Q18 (Combined problem):
Problem: A 12 V battery is connected to two resistors 3 Ω and 6 Ω in parallel. Find total current drawn and power dissipated in each resistor.
- Voltage across each = 12 V. Currents: I3 = 12/3 = 4 A; I6 = 12/6 = 2 A.
- Total current = 4 + 2 = 6 A.
- Power: P3 = V×I3 = 12×4 = 48 W; P6 = 12×2 = 24 W.
- Answer: I_total = 6 A; P3 = 48 W, P6 = 24 W.
Q19 (Short-circuit estimation):
Problem: A battery of emf 9 V and internal resistance 0.1 Ω is shorted (external R≈0). Estimate the short-circuit current.
- Short-circuit current I ≈ E / r = 9 / 0.1 = 90 A.

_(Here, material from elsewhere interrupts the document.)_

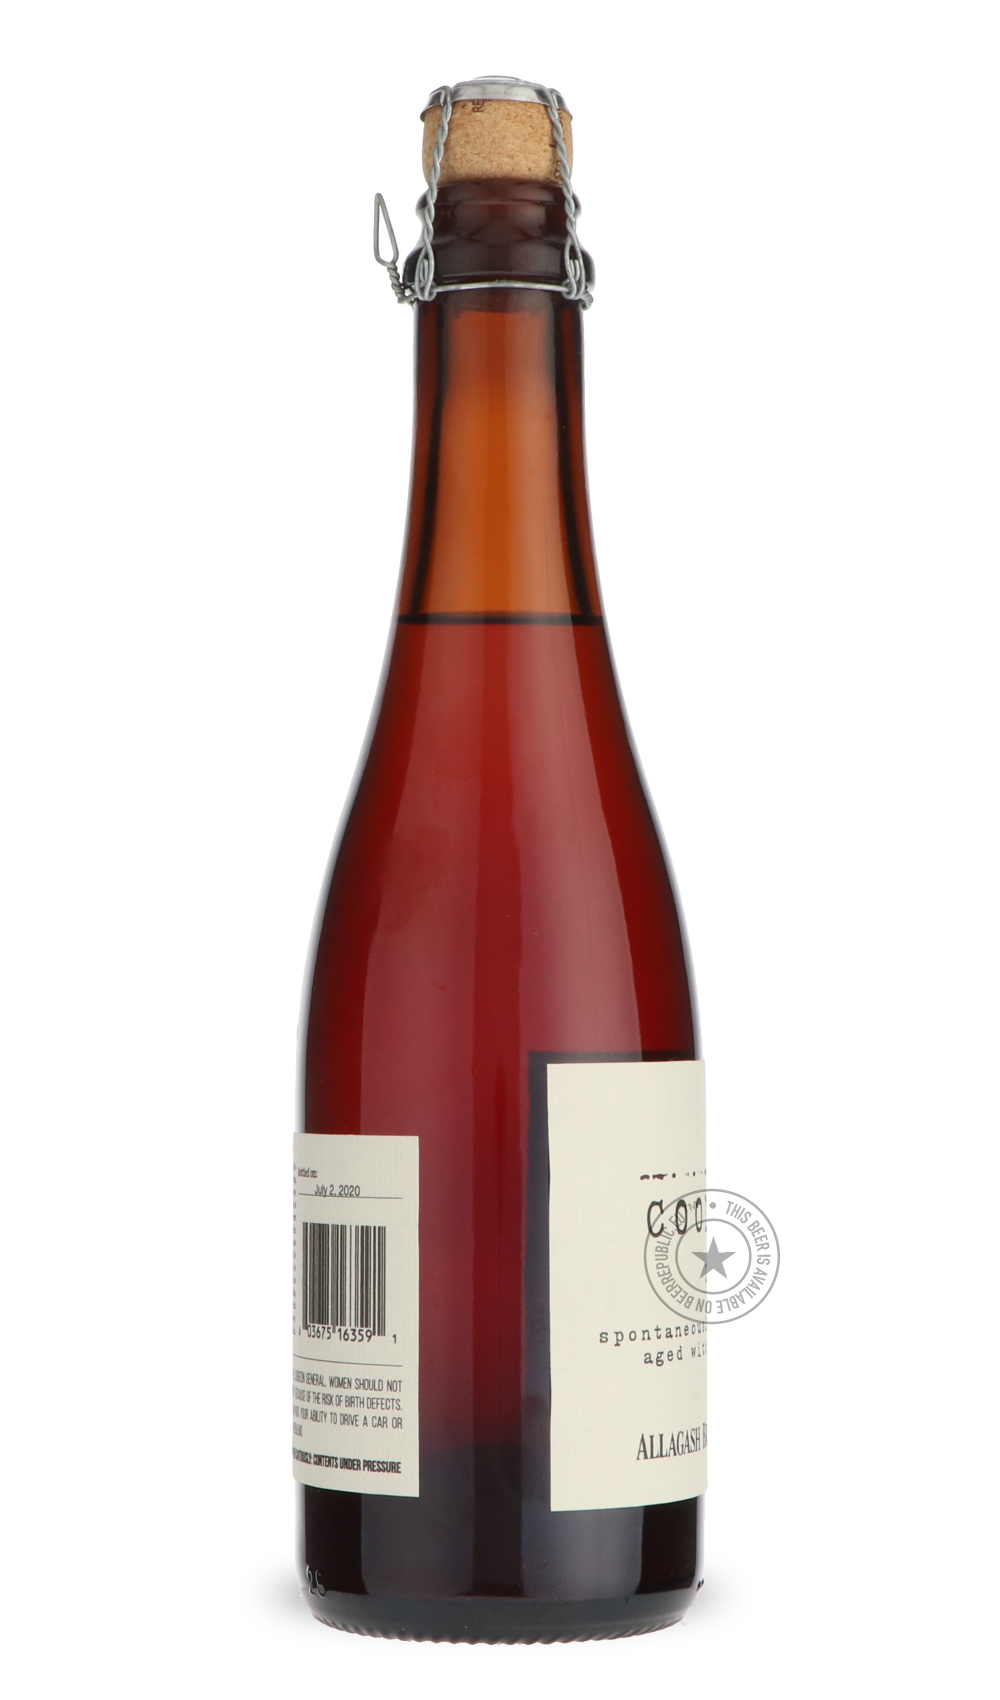 -Allagash- Coolship Red-Sour / Wild & Fruity- Only @ Beer Republic - The best online beer store for American & Canadian craft beer - Buy beer online from the USA and Canada - Bier online kopen - Amerikaans bier kopen - Craft beer store - Craft beer kopen - Amerikanisch bier kaufen - Bier online kaufen - Acheter biere online - IPA - Stout - Porter - New England IPA - Hazy IPA - Imperial Stout - Barrel Aged - Barrel Aged Imperial Stout - Brown - Dark beer - Blond - Blonde - Pilsner - Lager - Wheat - Weizen -

- Answer: ≈ 90 A (dangerously large).
Q20 (Design & divider):
Problem: Design a voltage divider from 12 V to get 5 V using two resistors R1 (top) and R2 (bottom) in series. Choose standard values with R_total ≈ 10 kΩ.
- We need V_out = 5 V = 12 × R2/(R1+R2) → R2/(R1+R2) = 5/12 ≈ 0.4167.
- So ratio R1:R2 = (1 − 0.4167):0.4167 = 0.5833:0.4167 ≈ 1.4 : 1 → R1 ≈ 1.4 R2.
- If R_total = 10 kΩ, choose R2 = 10k × 0.4167 ≈ 4167 Ω ≈ use standard 4.3 kΩ (or 4.7 kΩ with small error). Then R1 ≈ 10k − 4.3k = 5.7 kΩ (use 5.6 kΩ standard).
- Check V_out ≈ 12 × 4.3/(5.7+4.3)=12×4.3/10≈5.16 V (close). Using 4.7 kΩ & 5.3 kΩ produces slightly different voltage; pick pair 5.6 kΩ & 4.3 kΩ for V_out≈5.16 V.
- Answer: Choose R1 ≈ 5.6 kΩ and R2 ≈ 4.3 kΩ (R_total ≈ 9.9 kΩ) giving V_out ≈ 5.16 V (close to 5 V).